I am trying to prove the following:
The set $A$ consists of $n + 1$ positive integers, none of which have a
prime divisor that is larger than the $n$th smallest prime number.
Prove that there exists a non-empty subset $B\subseteq A$ such that the product
of the elements of $B$ is a perfect square.
Clearly each number is of the type $2^{\alpha_1}3^{\alpha_2}5^{\alpha_3}\cdots p_n^{\alpha_n}$ where $p_n$ is the $n$th prime number and $\alpha_i\ge 0$.
Now if I was given more then $2^n$ numbers then I could have divided the numbers by the parity of the exponents of the primes in $2^n$ classes.
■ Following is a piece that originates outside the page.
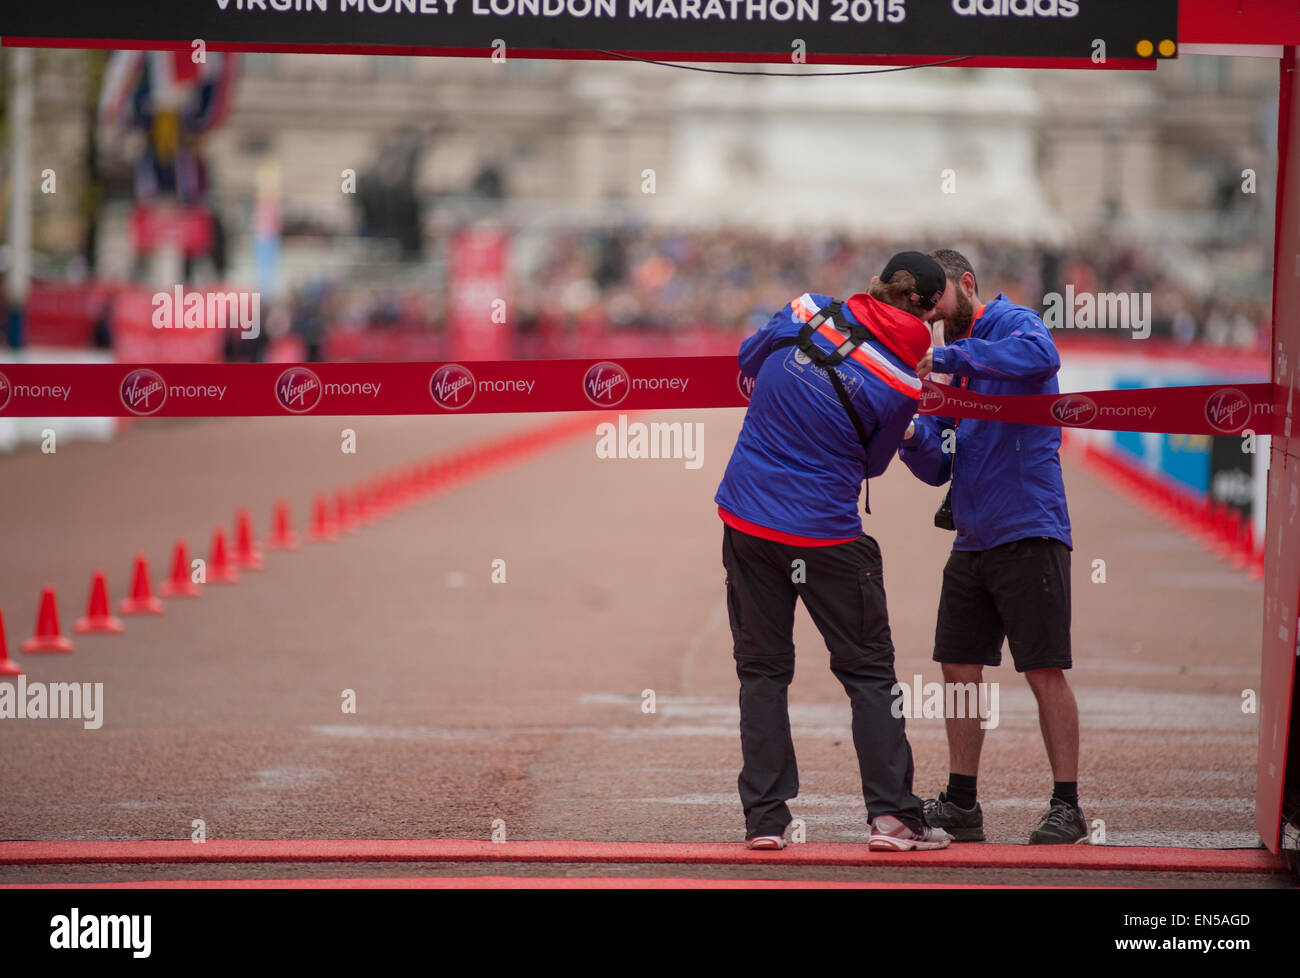 Beamten schließen das Zielband für das Finish der Jungfrau Geld 2015 London Marathon Elite Rennen der Männer. Stockfoto

By the pigeonhole principle two numbers would be in the same class and hence their product would be a perfect square.
Since I am given $n+1$ numbers I need to divide them into $n$ classes to get the pigeonhole working. The obvious thing is to divide into classes mod $n$. But this obviously doesn't work, as is evident from $n=4$ and the numbers $2,3,5,6,7$.
Anu suggestions on how should I prove this result?
Best Answer
Here is a nice presentation of the proof using linear algebra:
Identify each number $p_1^{a_1}\dots p_n^{a_n}$ with the tuple $(a_1,\dots,a_n)$, with each $a_i$ reduced modulo $2$, and note that multiplying numbers corresponds to adding their tuples, and that a square is precisely a number whose associated tuple is $(0,\dots,0)$.
We can think of these tuples as vectors in ${\mathbb F_2}^n$, where $\mathbb F_2$ is the field of two elements. This is a vector space of dimension $n$, and $n+1$ vectors are given, so they are linearly dependent, that is, there is a nontrivial linear combination of them that equals $0$. But a linear combination is just a sum of some of them (since the only scalars are $0$ and $1$), and we are done.